3. In the same way, you can also
Because of my strong resistance, He converges his bad temper behavior, but it is inevitable that he will complain that I am not gentle, so he will not dare to send fire. How can I let him know the lethality of his temper and understand my grievance? It seems that there is only one way to do it.
One morning, I had four classes, and his company had nothing to do. You can go home early. According to the Household rules, cook the meal. Before going to class, I said with a sweet and sour voice: "husband, your sweet and sour pork ribs are better than the restaurant. You can cook this dish for me today. Also, after four class sessions, you are very thirsty. Don't forget to buy a watermelon and put it in the refrigerator. After class, I will buy beer to repay you ."
With my understanding of him, he will surely be happy to meet my requirements. After class, I intentionally didn't buy beer and put my face tight and burst into the house.
He told me to wash my hands and eat, and I ignored it, lying in bed, staring at the ceiling in a daze.
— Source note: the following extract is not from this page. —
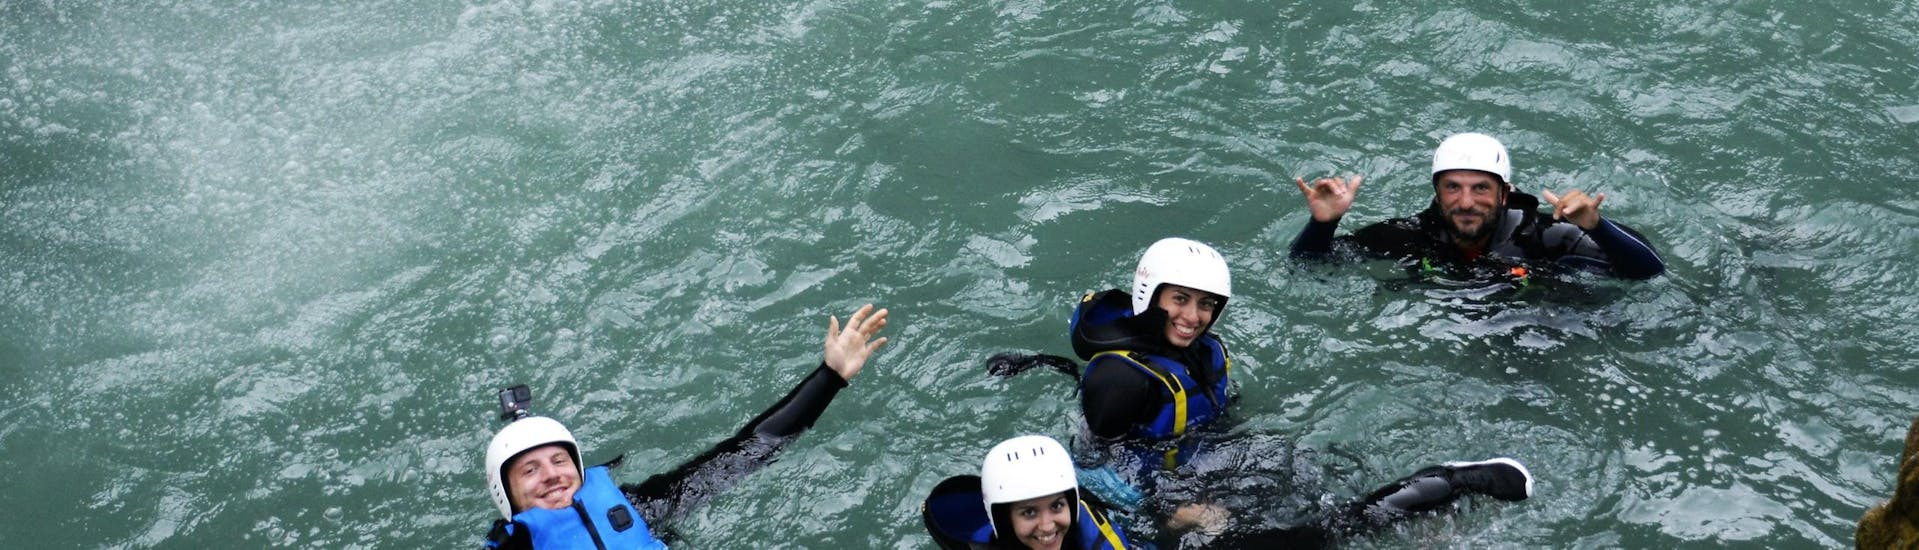 Un gruppo di amici e una guida si divertono galleggiando nell'acqua con l'attrezzatura da canyoning durante il Canyoning nel fiume Sorba con Centro Canoa e Rafting Monrosa.

He cautiously asked: "What happened ?"
I gave him a glance and didn't say anything. He pulled me to the restaurant and pointed to watermelon, pork ribs and vegetables for me to see. I said angrily: "How to buy a melon? Don't buy it if you don't buy it. There is also this spare ribs, which makes people have no appetite when I look at the color. Do you mean not want me to eat it or what ?"
He was so angry with me that he shouted at me: "What is the wrong medicine? Let's talk about anything, so we can't worry about it. If you do that, I will drop the bowl. I can't help it ......"
I sneered in my heart and deliberately said, "I have had a fight with students in class today, so I am bored. Who else can I find without looking? You will not be patient with me. Yes, I am not gentle. You are more emotional than me, and you can even say anything ."
He said, "If you are upset, let's say, why are you angry? I have been busy for a morning, and I hope you will come back. As a result, you will give me such a bid. Do you say, can you feel comfortable in my heart ?"
I smiled and said, "What I want is your uncomfortable feeling. You can't afford anything that a big man can't afford. Why can I afford it gently ." At this moment, he suddenly realized.
Since then, we have understood each other and treated each other with sincerity. Our sweet little home has become a safe harbor for us to get rid of our troubles ."
......
The story of Hua Zi makes me suddenly enlightened.
It turns out that couples also need to be smart. If the method is appropriate, it can change some bad habits of the other party. I hope that the female will learn from them and cultivate more gentle and elegant men for the society.